Ele colocou a xícara num pires e imitou um garçom com o braço no ar.
- Aqui está senhor. – ele disse em francês atrás de mim e depositou a xícara na minha frente.
Eu fiquei em silêncio enquanto ele continuava parado me observando ler.
Na xícara dizia: Veux tu m’épouser? Seguida de um pequeno coração.
Aquilo significava “Quer casar comigo?” em francês. Um calor correu por minha barriga mesmo sem beber do café. No meio do meu silêncio ele, ainda em minhas costas, depositou a caixinha preta com as duas alianças na mesa ao lado da xícara. Eu relutei.
- Rafael, por favor... Não podemos fazer isso... Você sabe que não podemos. Você ainda é um homem casado...
- Eu era! – ele deu dois passos até o balcão e jogou sobre a mesa os papéis do divórcio e partilha de bens. – Eu sou todo seu agora.

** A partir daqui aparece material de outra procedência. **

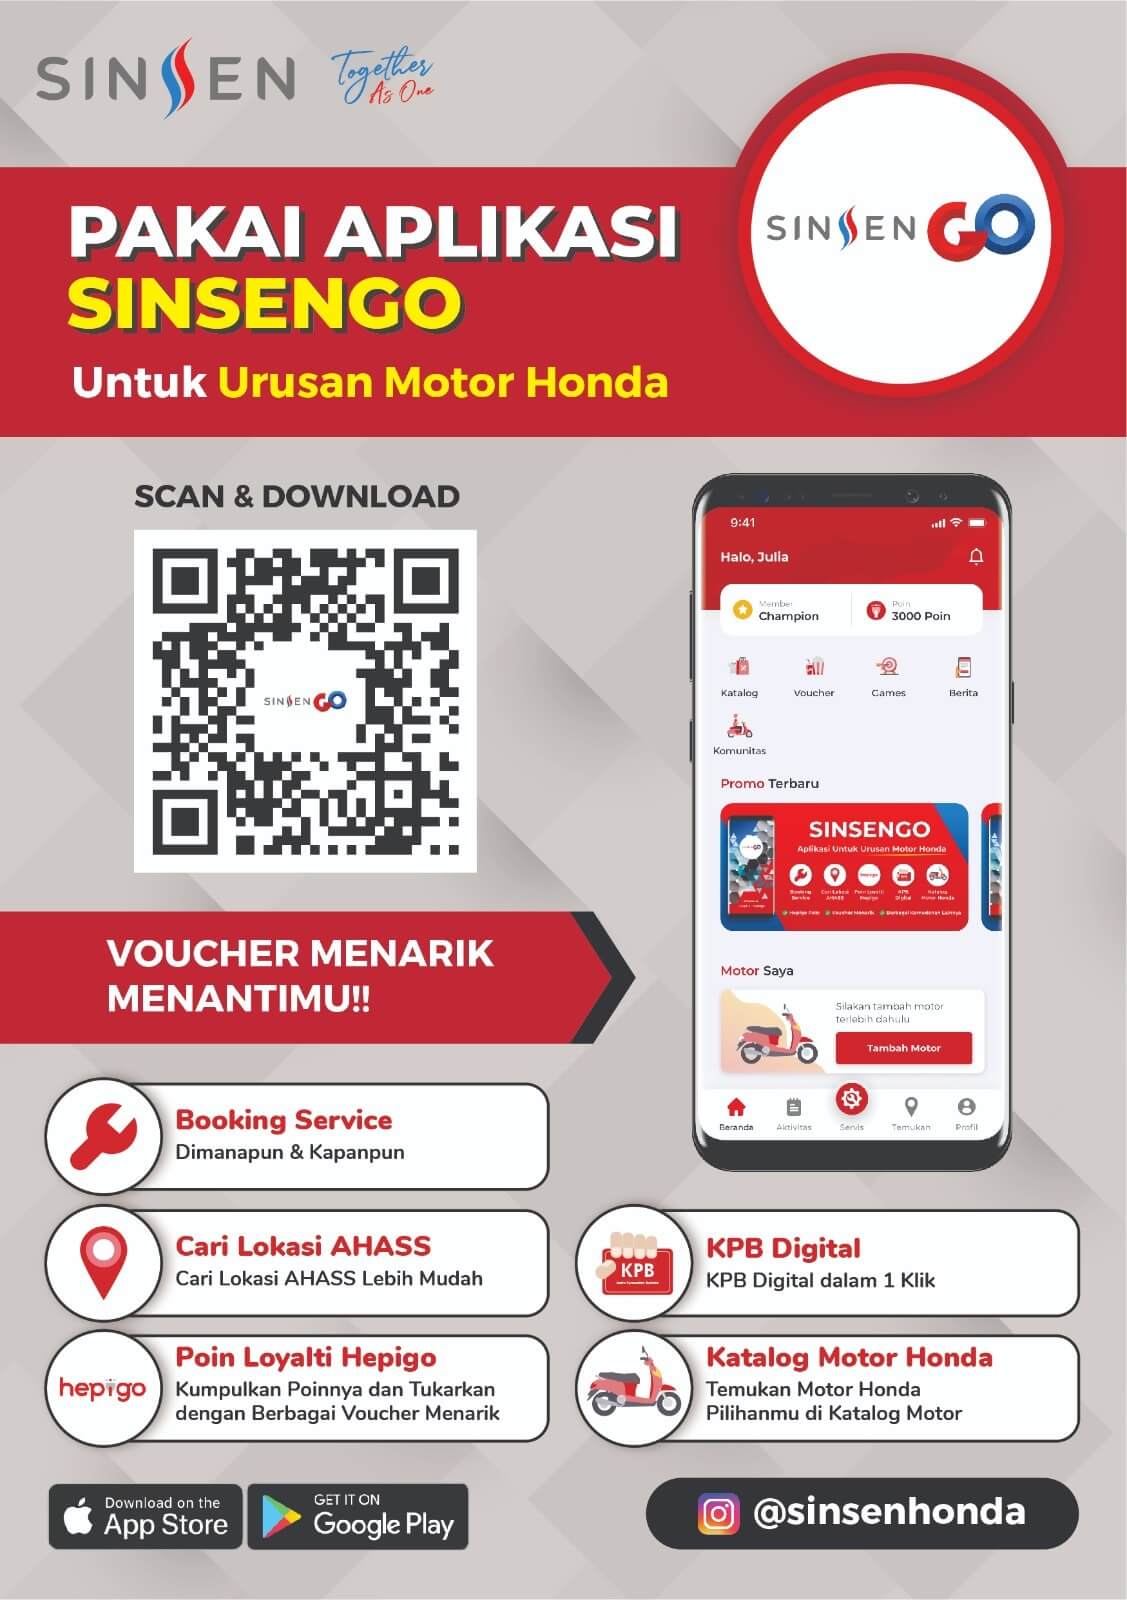 Lebih Praktis dan Seru, Download Aplikasi Sinsengo di Handphone Anda Sekarang

Nada, e principalmente ninguém, pode mais nos impedir de ser feliz. Isso é tudo o que eu quero. Me dá mais essa felicidade. Casa comigo.
Eu não sabia se ria ou se chorava e acabou que as duas coisa vieram.
- Sim! É claro que caso com você!
Saltei sobre seu pescoço o enlaçando num abraço apertado e tantos beijos quanto consegui ainda insuficientes pra mostrar o quanto estava feliz.
- Eu te amo! Eu te amo! – eu dizia entre os beijos.
Mais meses se passaram e logo já estávamos de novo prestes ao natal. Um ano desde que tudo aconteceu naquela ceio de natal improvisada. É incrível como o destino pode estar da maneira mais torta possível ao ser ver e no final de tudo ele sempre te leva ao melhor lugar. Eu encontrei meu porto seguro. O homem que eu amo e que, hoje, me ama. Eu aprendi a ter alguém na minha vida.
Ah e antes de eu terminar, sobre aquele “algo” que faltava pra mim lá no Brasil? Eu encontrei. Era amor. Não faltava alguém específico como eu pensava. Faltava amor. Amor por mim e então amor por alguém e de alguém.